The other work that Carin and Stephane are doing uses an amazing underwater microscope called a video plankton recorder (VPR), an instrument that actually photographs plankton and parcticles with a light that flashes 60 times each second. With this, they can get a picture (it comes up on a screen in the lab) of the organisms at each depth. By combining this data with information about water currents, they can get an idea of how plankton and parcticles move between the shelf and the basin. When combined with data from other researchers, this information will provide a model of how the ecosystem works in these regions. The final goal is to use this model to predict the impact of climate change in this region.

This is a simple diagram of who eats what (a food web) among the plankton. The arrow points to the organism that does the eating. For example, mezoplankton eat both microzooplankton and phytoplankton.

Carin is one of several scientists on board who are studying plankton. In this picture Carin is using a microscope with a camera on top to project images of the copepods onto a screen.

Stephane Plourde works with Carin on the study of grazing and egg production rates of copepods.
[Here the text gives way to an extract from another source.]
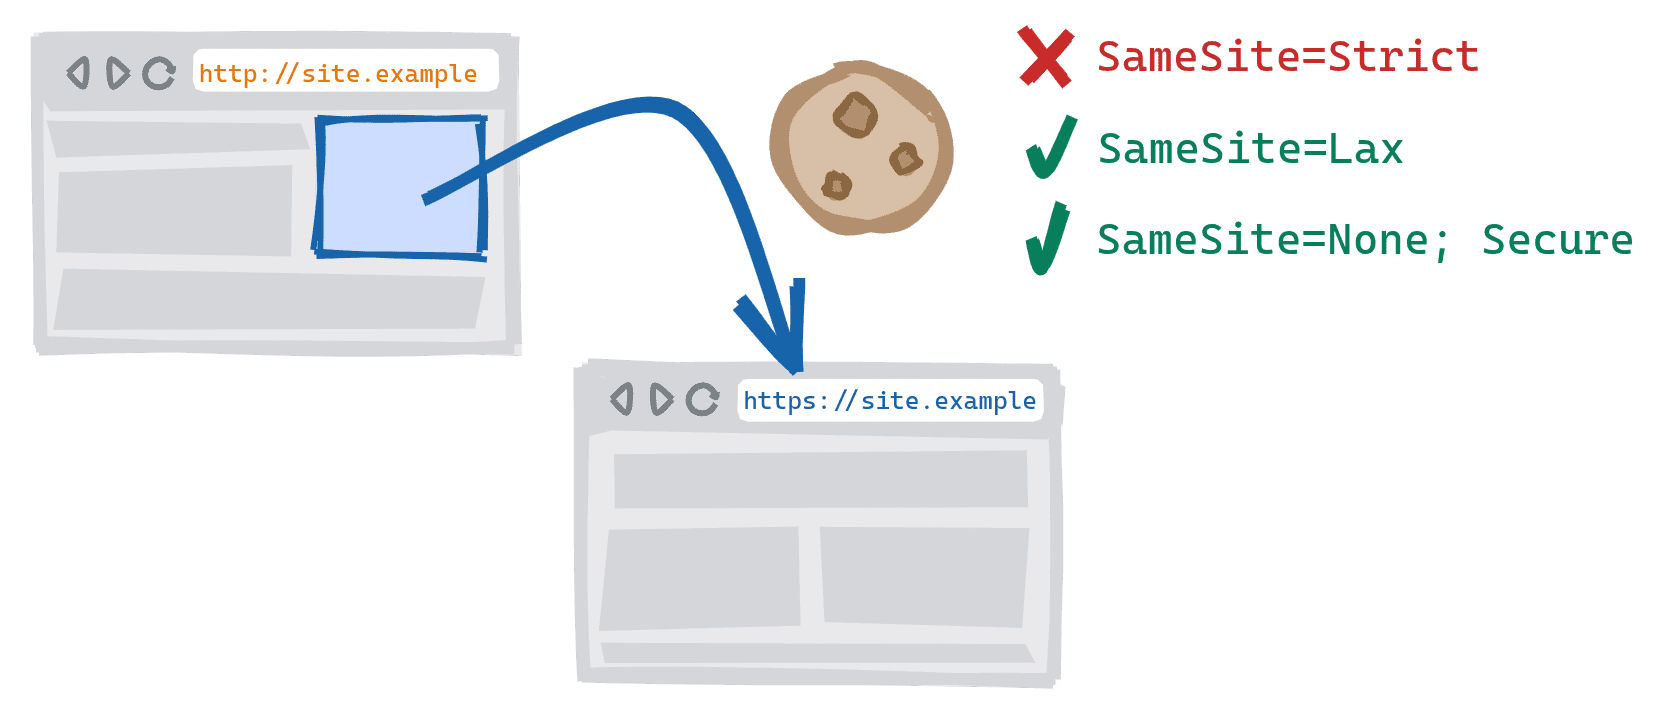 Thao tác điều hướng trên nhiều giao thức được kích hoạt bằng cách đi theo một đường liên kết trên phiên bản HTTP không an toàn của trang web đến phiên bản HTTPS bảo mật. Đã chặn cookie SameSite=Strict, SameSite=Lax và SameSite=None; Cho phép cookie bảo mật.
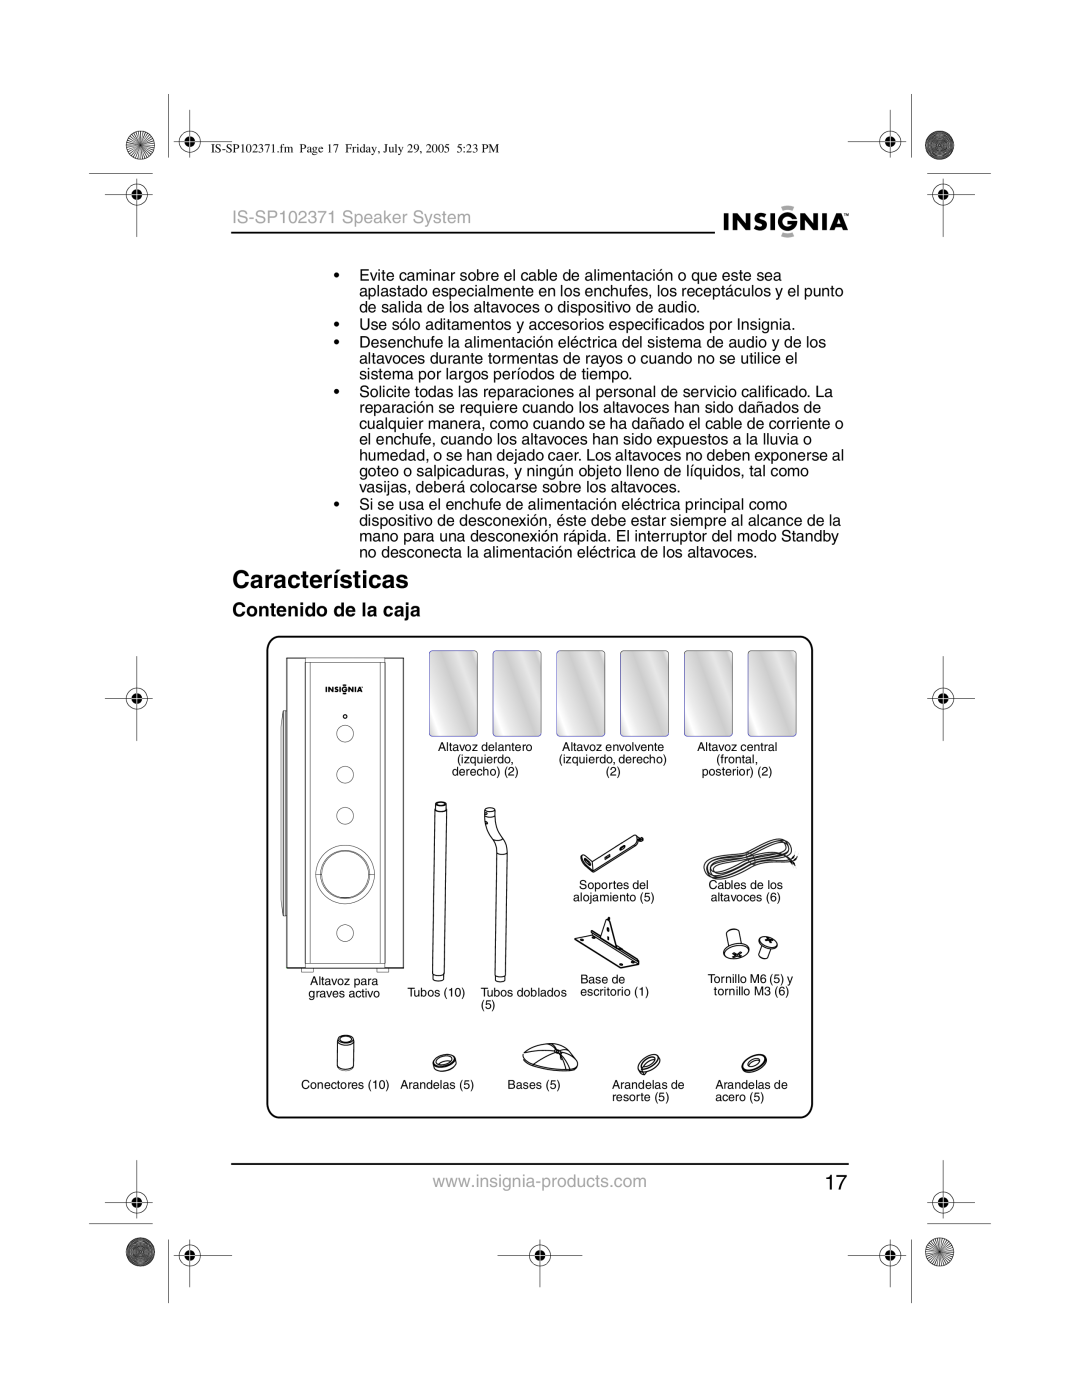 Insignia manual Características, Contenido de la caja, IS-SP102371Speaker System

Copepods are a part of the larger sized zooplankton called mesozooplankton. They are related to shrimp but must be viewed with a microscope. With a camera attached to her microscope, this is what Carin sees on her screen.

Carin and Stephane put their copepods into water from the CTD cast that contains phytoplankton and microzooplankton. That water is then incubated on deck in the uncubator you see here for 24 hours. After they analyze the results, they can tell how much the copepods are eating and how fast they are eating it.

Stephane and Carin are putting the VPR (video plankton recorder) into the water.

THis is the image sent back by the video plankton recorder. It is so clear that, in the lower right quarter of the picture, you can identify diatoms and copepods as they swim by.